● **Work request**
All of the data below must be reproduced word for word, but without its images.

● **Supplied information**
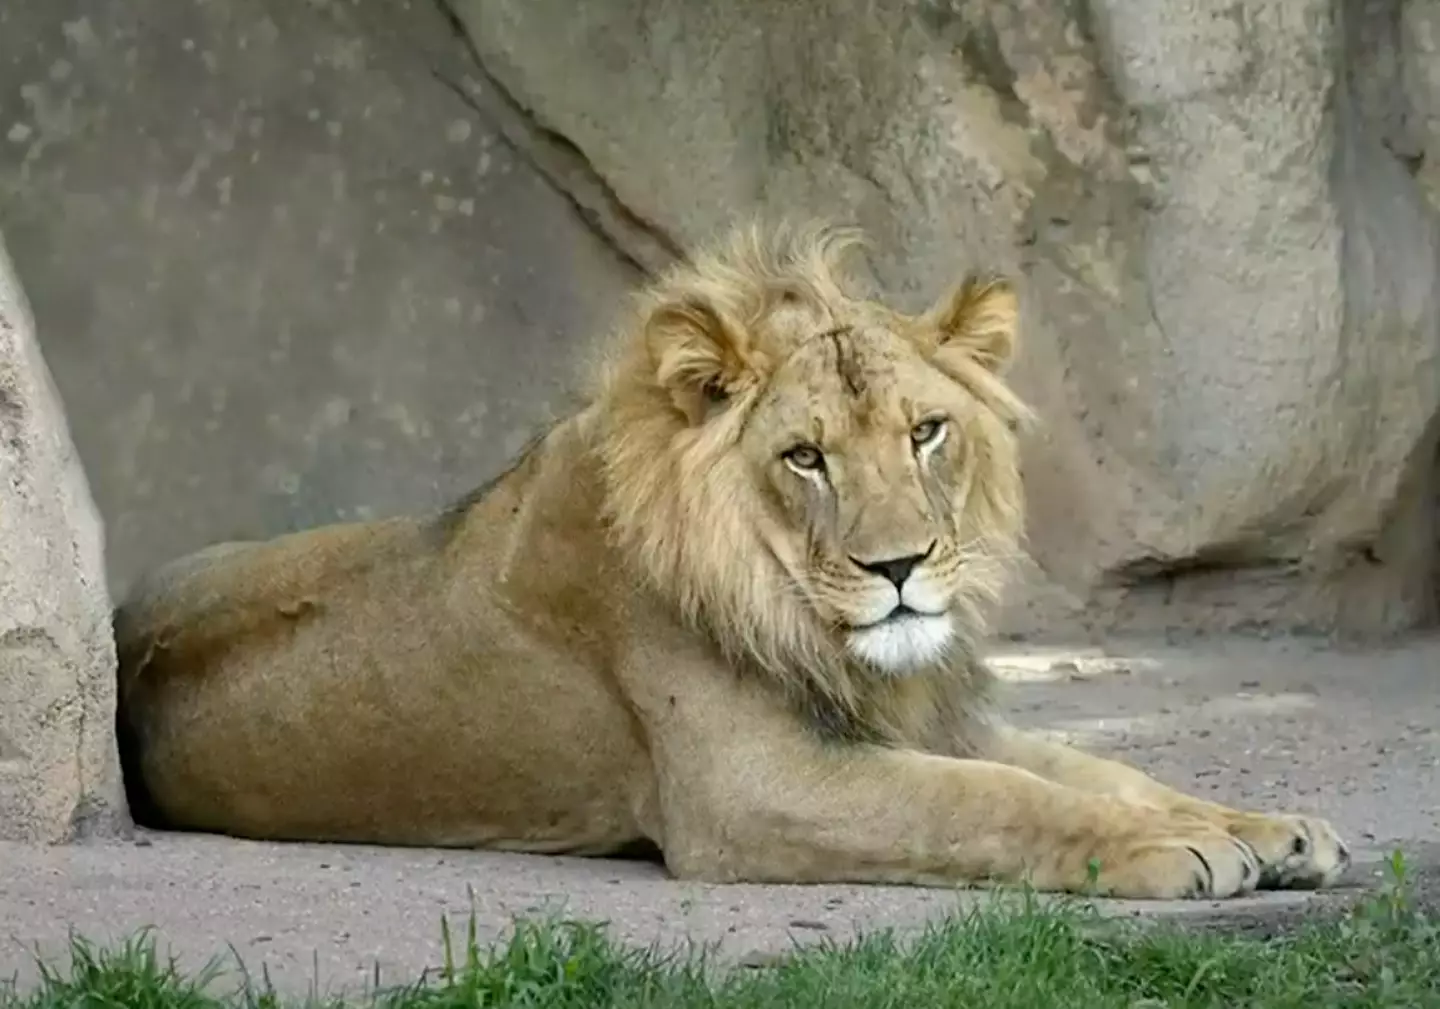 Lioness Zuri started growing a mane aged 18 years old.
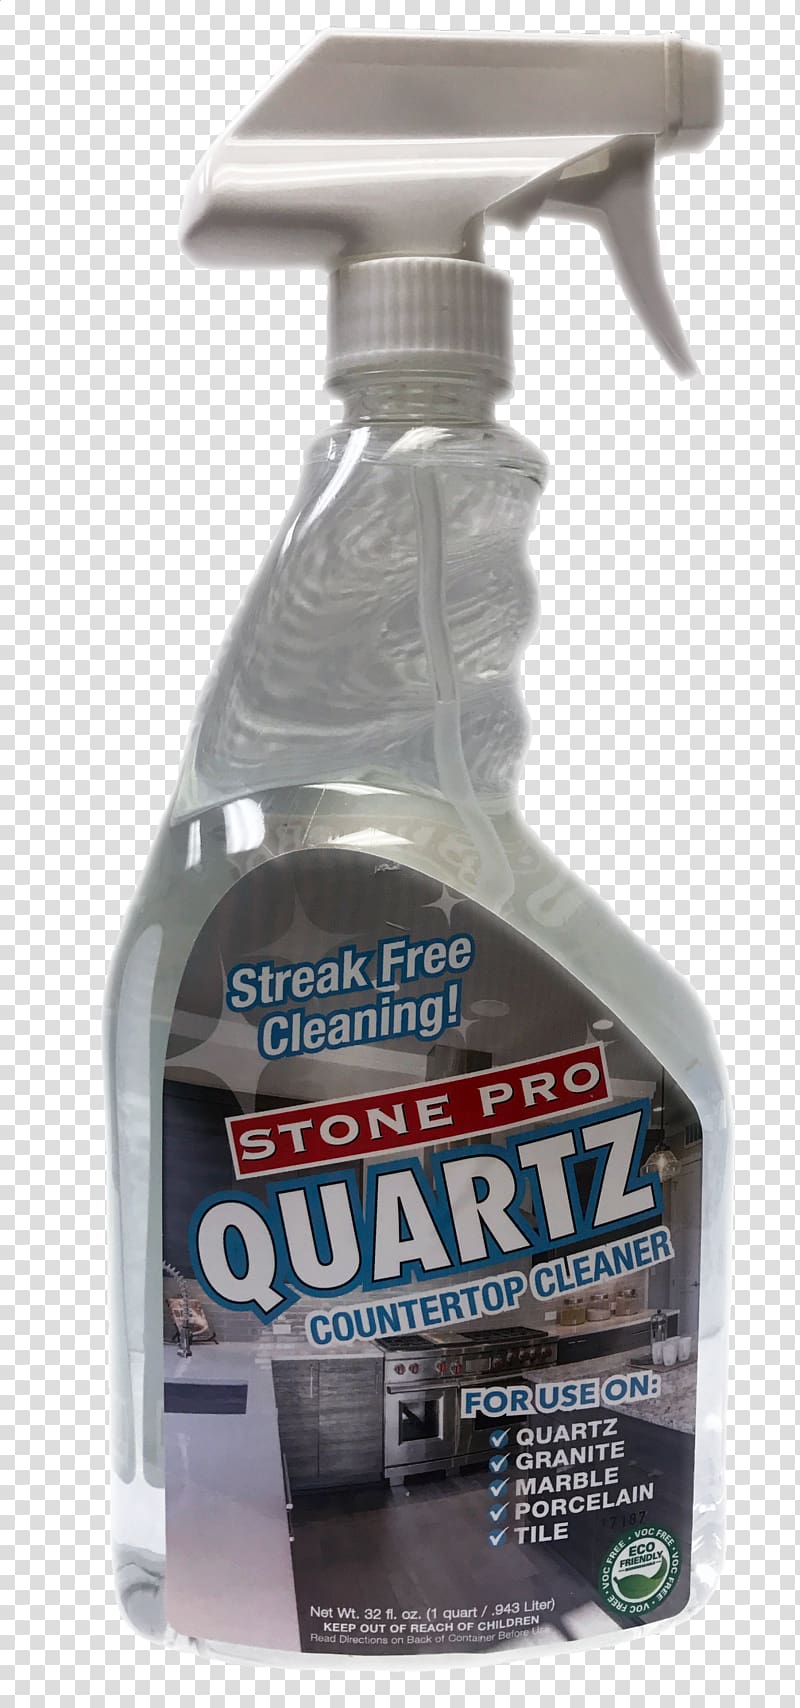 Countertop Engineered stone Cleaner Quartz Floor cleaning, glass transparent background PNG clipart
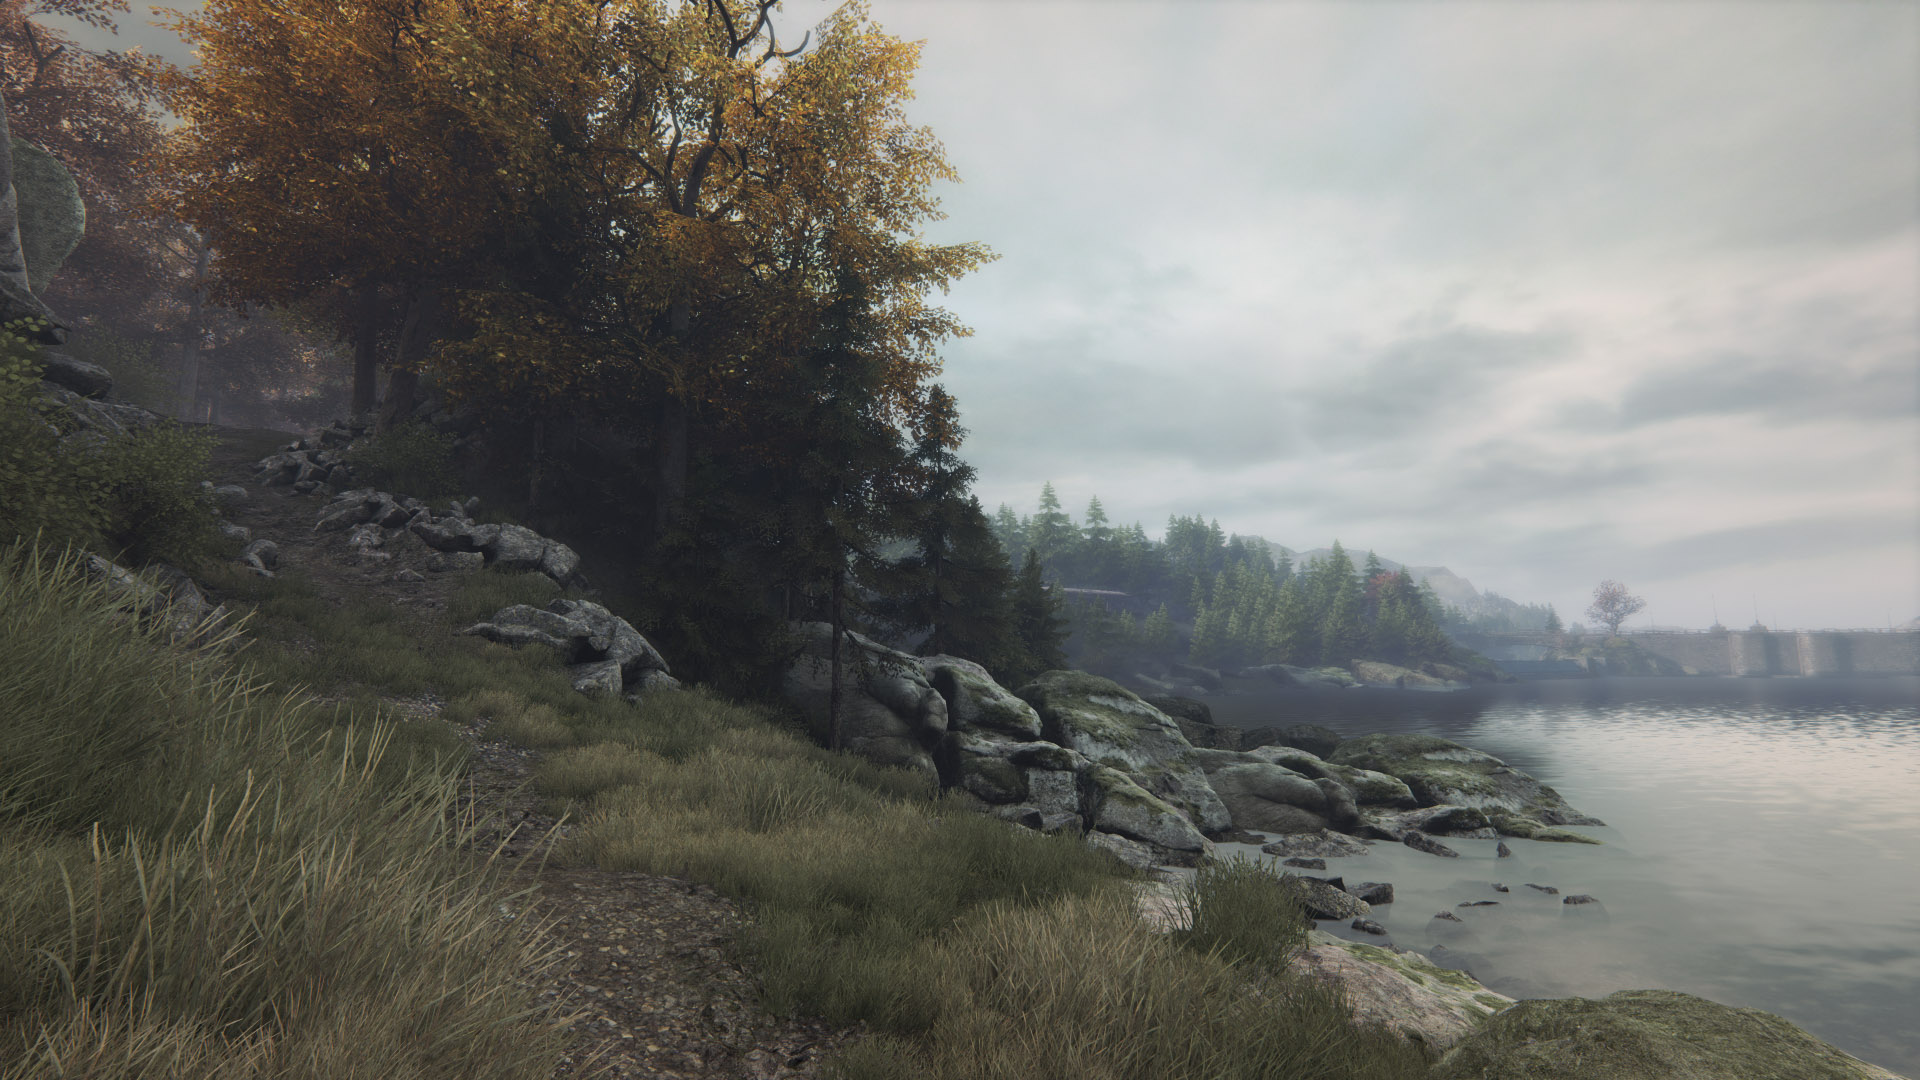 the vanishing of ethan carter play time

● **Solution**
 Lioness Zuri started growing a mane aged 18 years old.
 Countertop Engineered stone Cleaner Quartz Floor cleaning, glass transparent background PNG clipart
 the vanishing of ethan carter play time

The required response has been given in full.